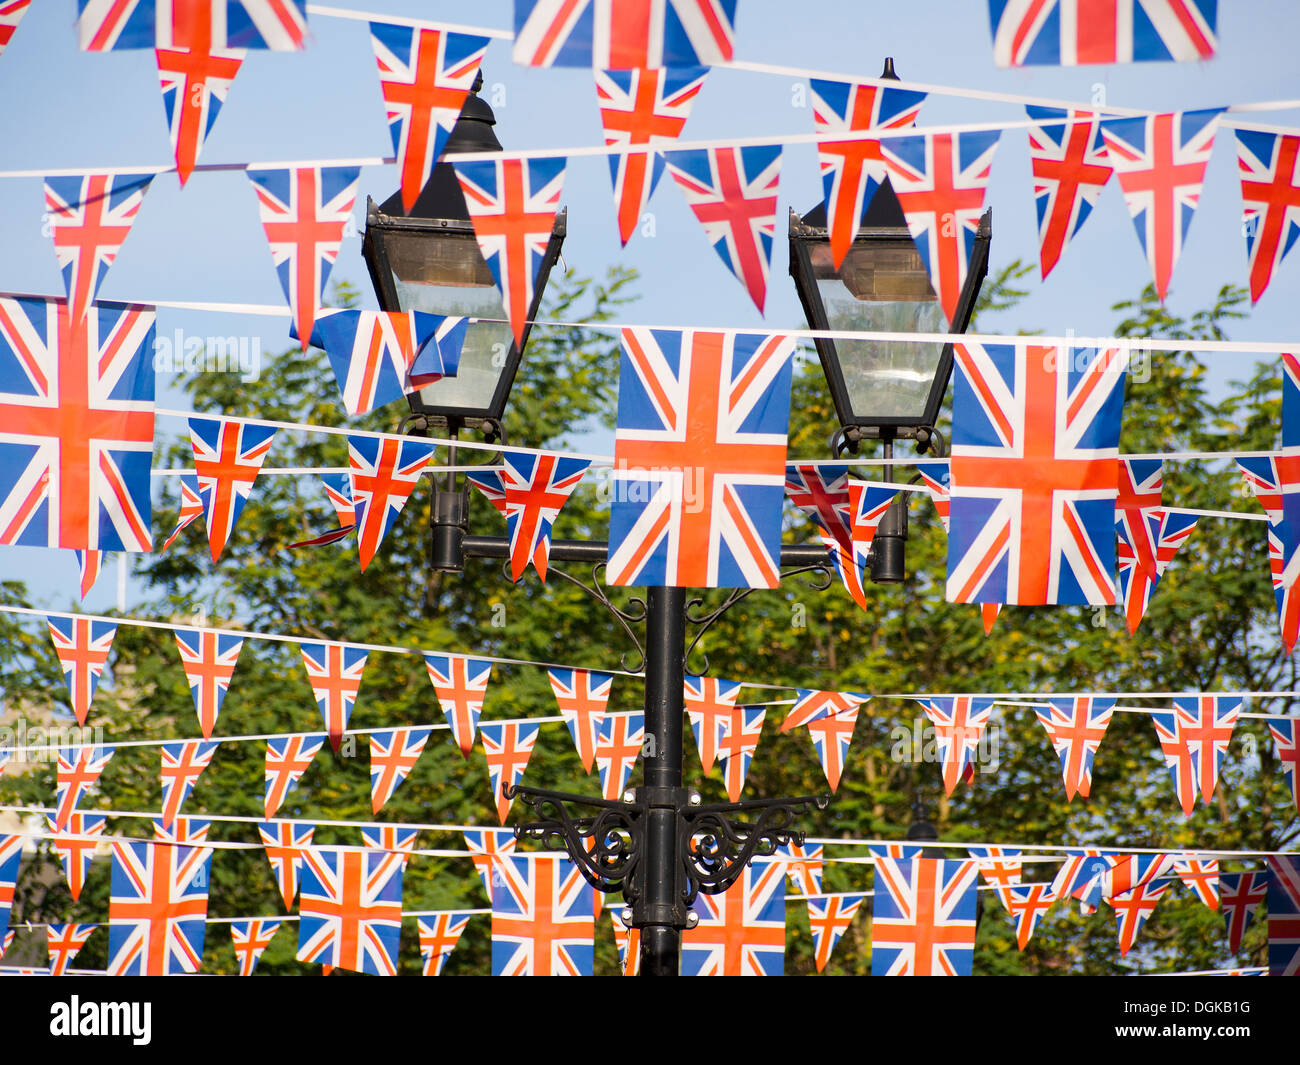 Union flags with bunting and lanterns decorate St. Ebbes Street in Oxford. Stock Photo
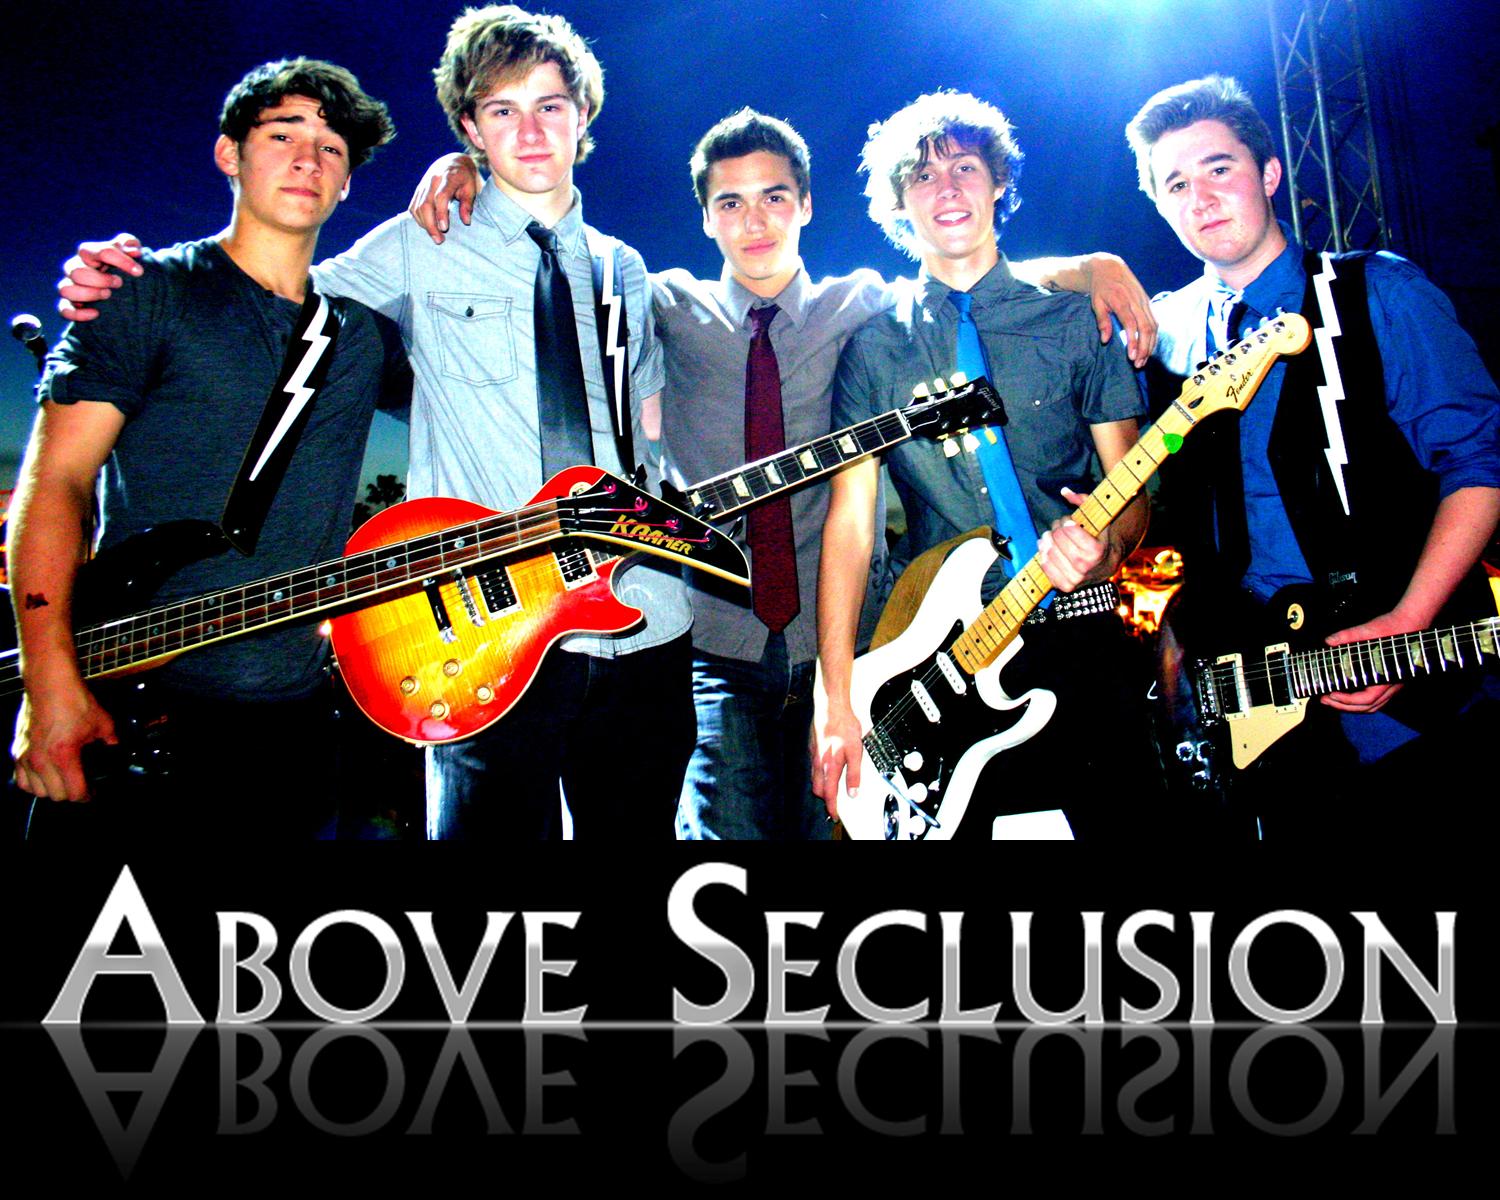 Above Seclusion       https://twitter.com/Above_Seclusion
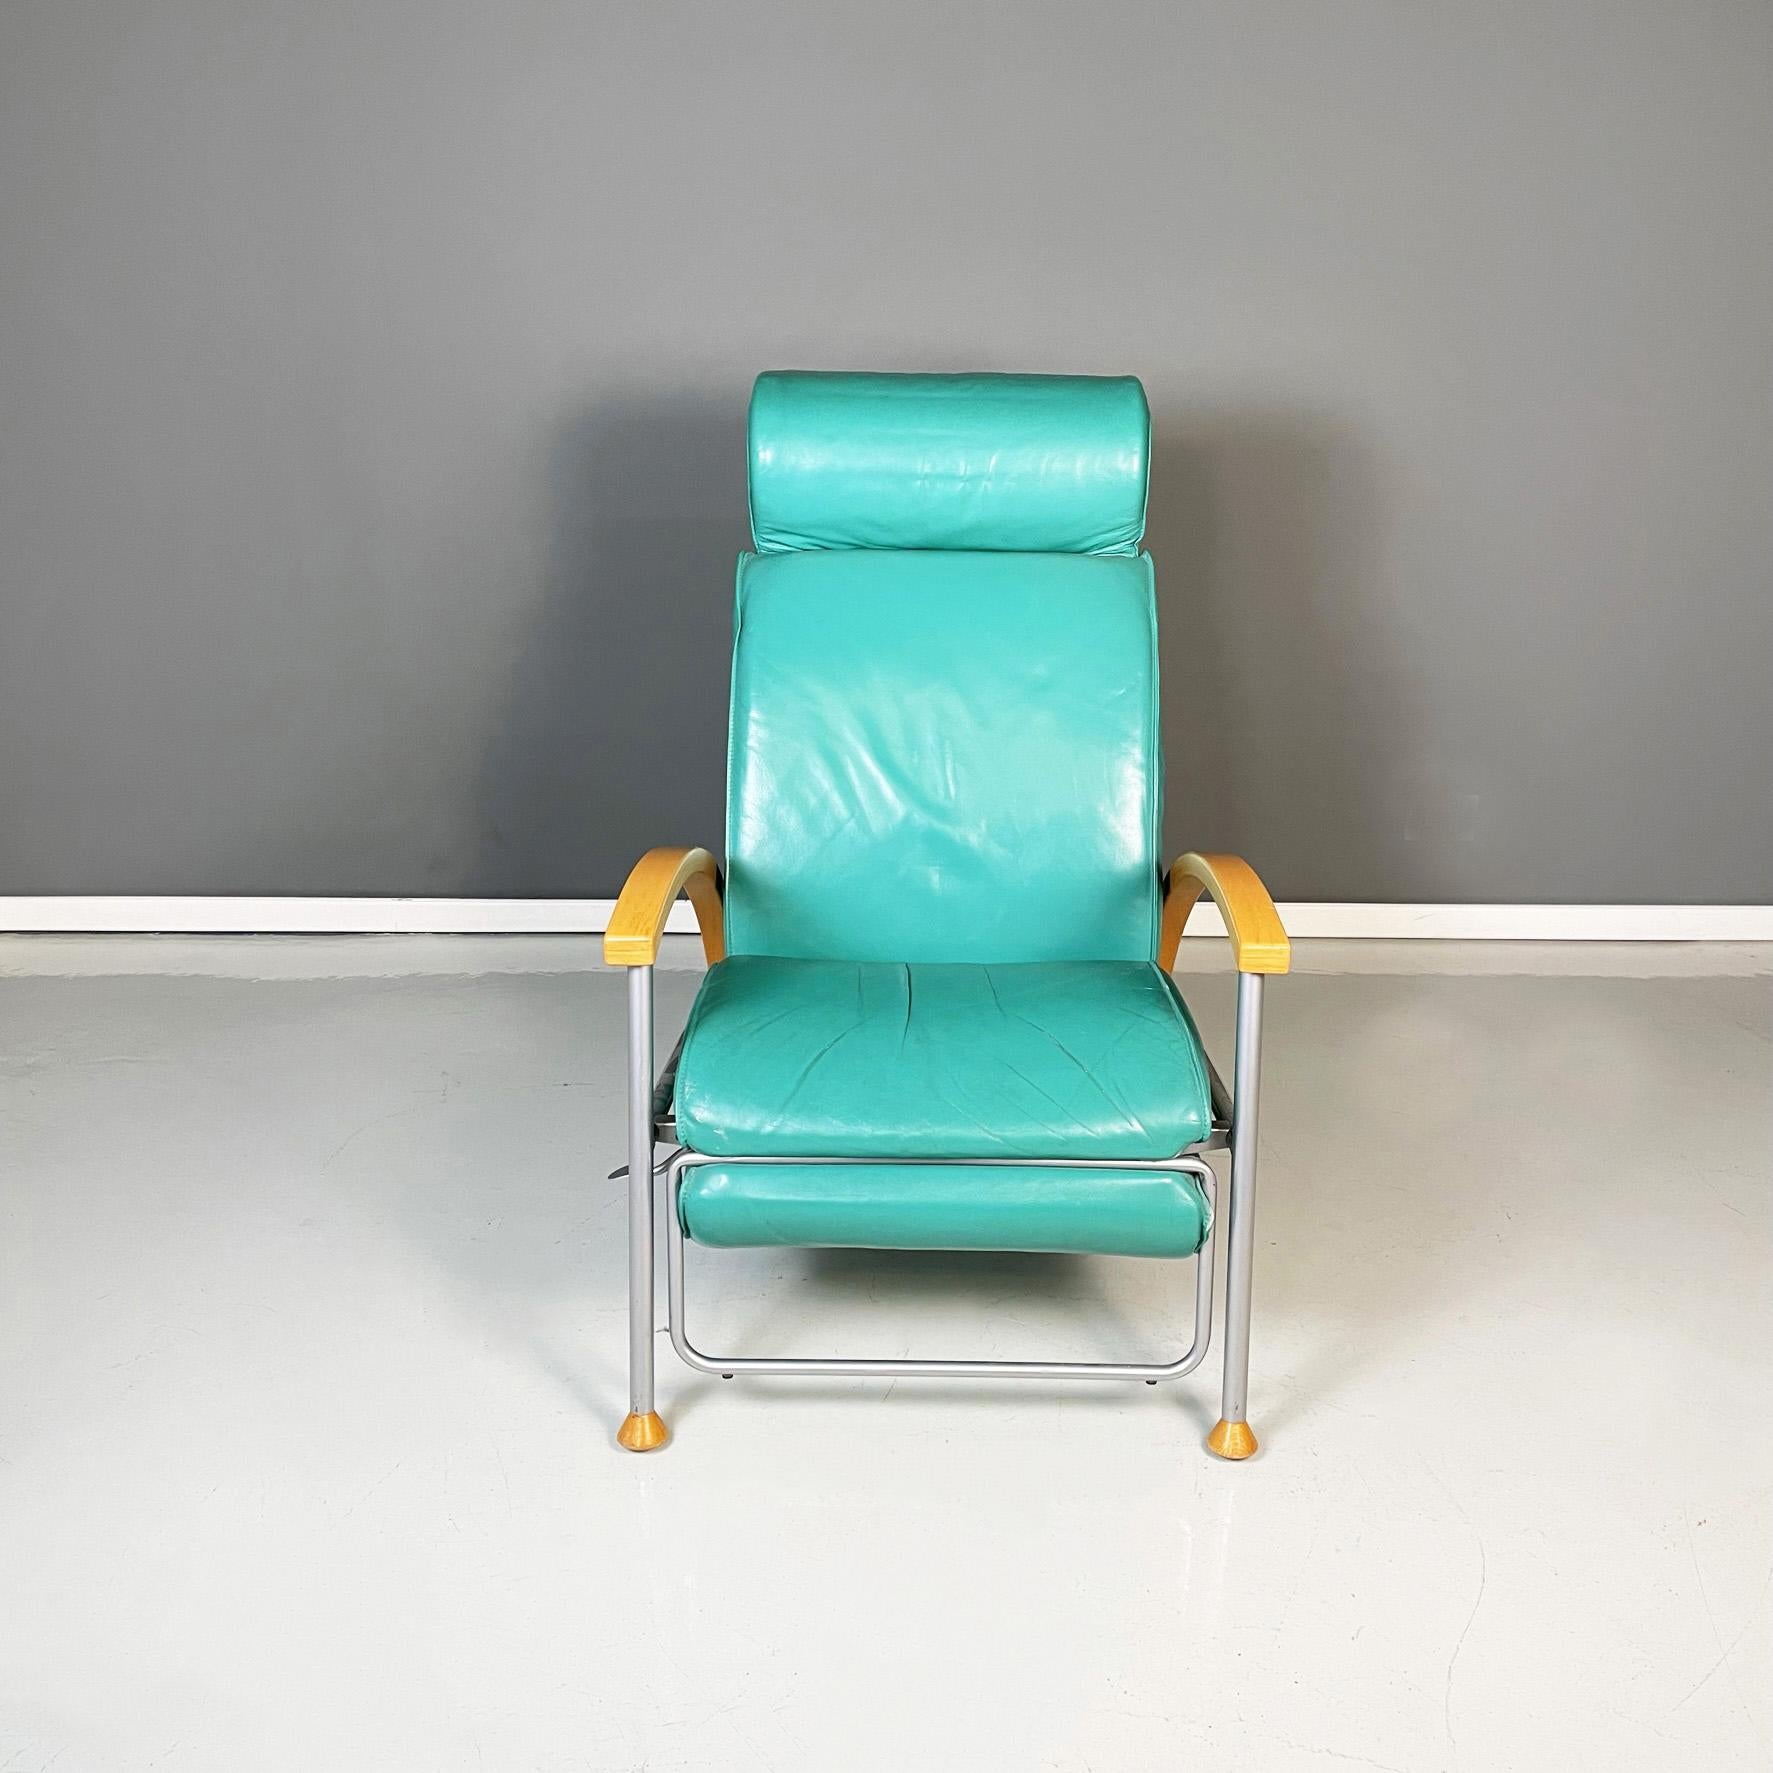 Italian Modern Armchair in Aqua-Green Leather, Wood and Metal, 1980s In Good Condition For Sale In MIlano, IT
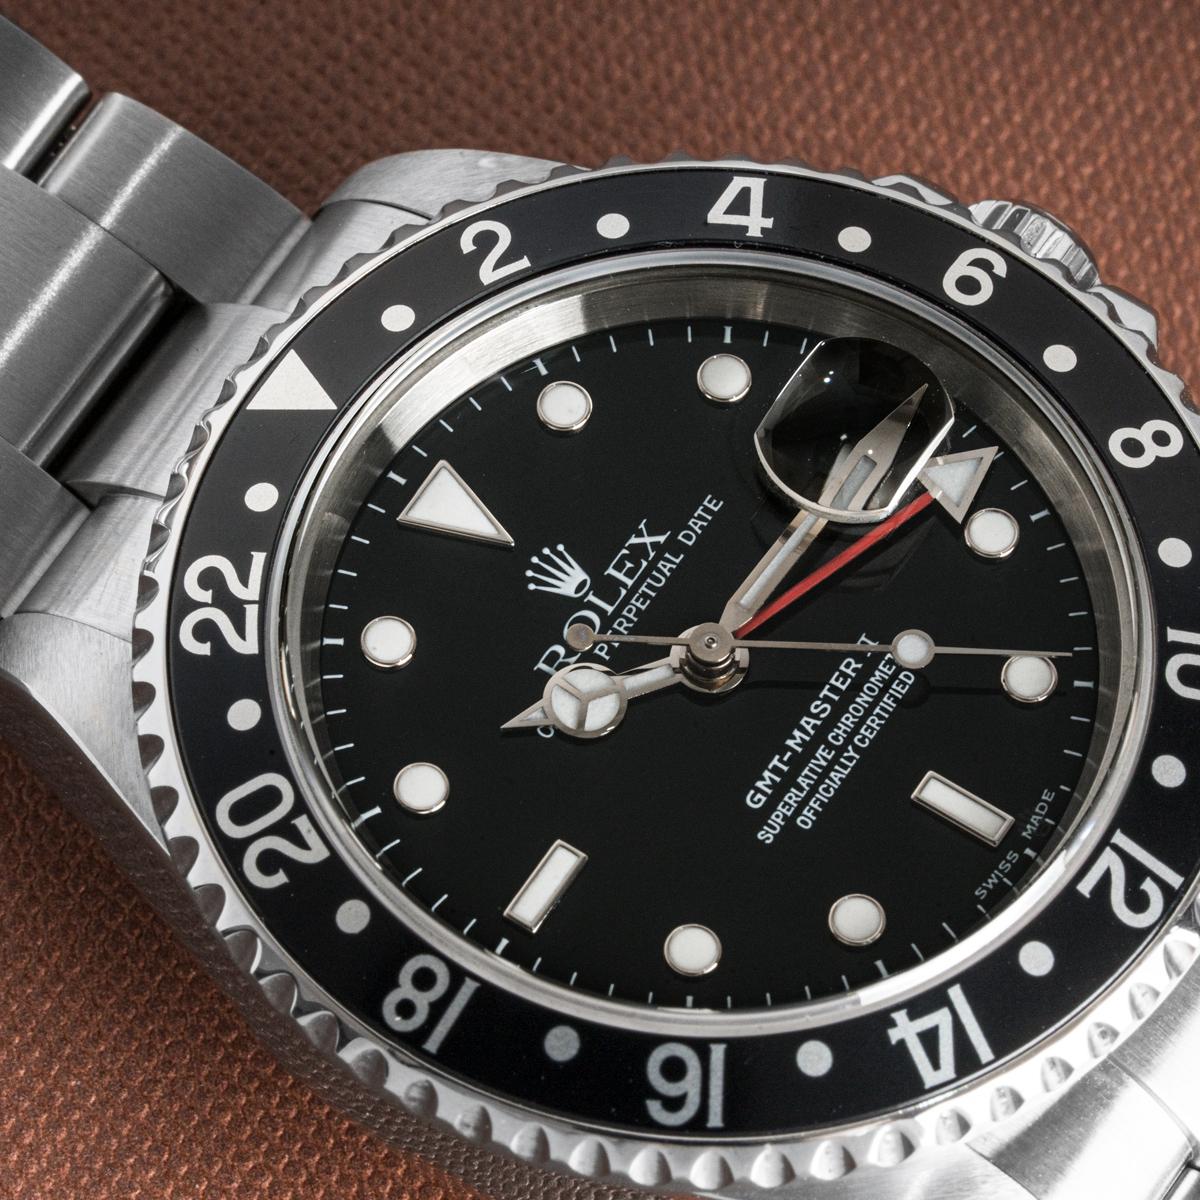 A stainless steel GMT-Master II by Rolex. Featuring a black dial with a date aperture as well as a red second-time zone hand. The bidirectional rotatable bezel also features a 24-hour display.

The watch is fitted with a sapphire crystal, a
+---+
◆ Problem details ◆
Restate word for word the lines from the one holding "A stainless steel" down through the last line of the records above, and do not include the pictures.

◆ Final answer ◆
 A stainless steel GMT-Master II by Rolex. Featuring a black dial with a date aperture as well as a red second-time zone hand. The bidirectional rotatable bezel also features a 24-hour display.

The watch is fitted with a sapphire crystal, a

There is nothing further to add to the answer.